С шумом ворвались староверы в Грановитую палату. Их не смутила картина, которая предстала перед их взорами. На царском троне сидели царевны Софья Алексеевна и Татьяна Михайловна. Чуть ниже, в креслах – царица Наталья Кирилловна, царевна Мария Алексеевна и патриарх. Справа от них занимали места митрополиты и епископы, слева стояли государственные сановники, думные люди, дьяки, царедворцы и выборные стрельцы.
Едва поклонившись царевнам и царице и не оказывая никакого уважения патриарху и властям, раскольники торопливо расставили перед царским троном свои налои, положили на них иконы, книги, зажгли свечи. Кроме Никиты Пустосвята, тут было еще пять вожаков староверия: расстриженные чернецы Сергий Нижегородец, Савватий Москвитин, Савватий Костромитин и крестьяне Дорофей и Гавриил.
– Для чего вы так дерзко вошли в царские палаты, будто к иноверным и Бога не знающим? – спросила Софья. – И как смели вы возмущать простой народ?
– Пришли мы, – отвечал Никита, – к царям государям бить челом об исправлении православной христианской веры. Чтобы царское свое рассмотрение дали нам с новыми законодавцами, чтобы церкви Божьи были в мире и единении, а не в мятеже и раздрании, и чтобы служба Божия была, как при патриархе Филарете Никитиче, по старым служебникам.
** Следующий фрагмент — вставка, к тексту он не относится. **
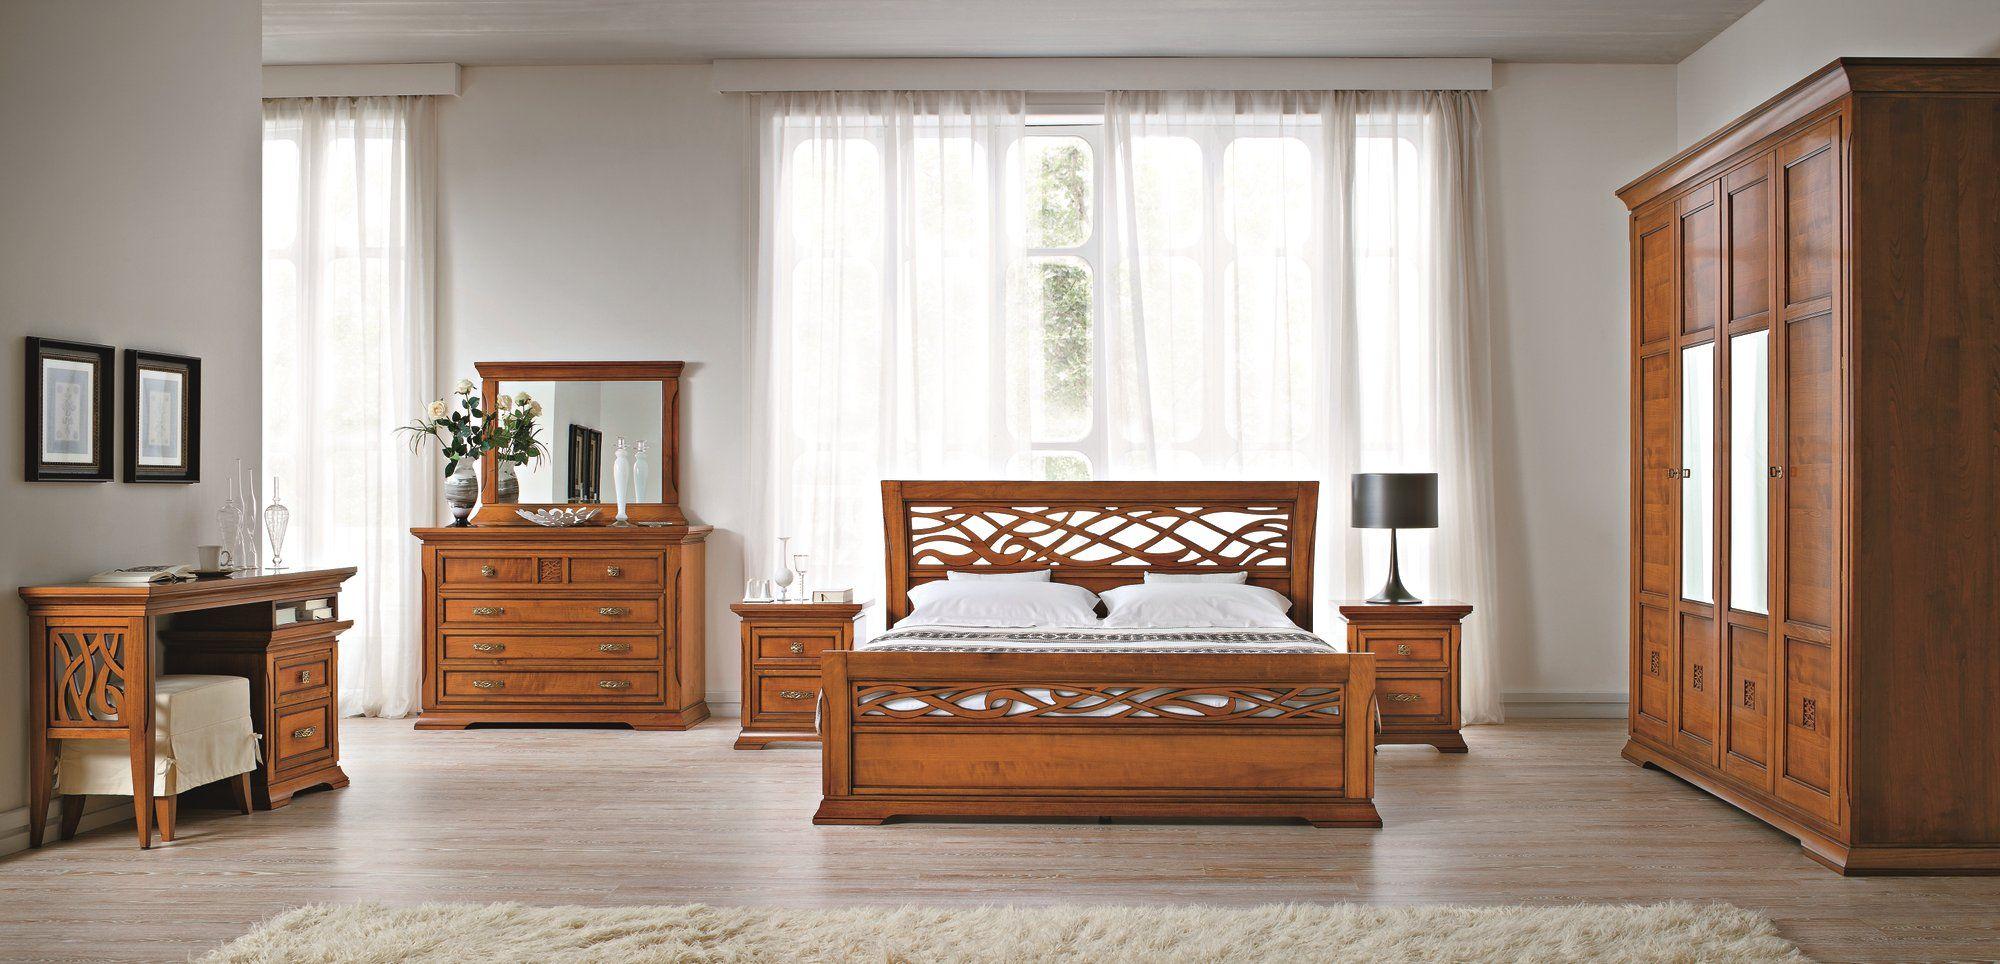 Bohemia letto contenitore by dall agnese design gianni for Oggettistica moderna

– Не ваше то дело, – возразил патриарх, – и не вам, простолюдинам, церковным делом ведать. Судить о том архиереям. Мы на себе Христов образ носим. Вы же должны повиноваться матери вашей, святой соборной апостольской церкви, и всем архиереям, пекущимся о вашем спасении. А у нас вера старого православия греческого закона, исправленная с греческих и наших харатейных книг. Мы от себя ничего не выдумали, а все от божественных писаний. Вы же грамматического разума не коснулись и не знаете, какую он в себе силу содержит.
– Мы пришли не о грамматике с тобой рассуждать, а о церковном догмате! – закричал Никита. – Поговорим краткими словами, а ты отвечай на мои вопросы.
После этих дерзких слов Никита пустился в свои толкования, стараясь дерзостью и лукавством софизмов смутить престарелого иерарха.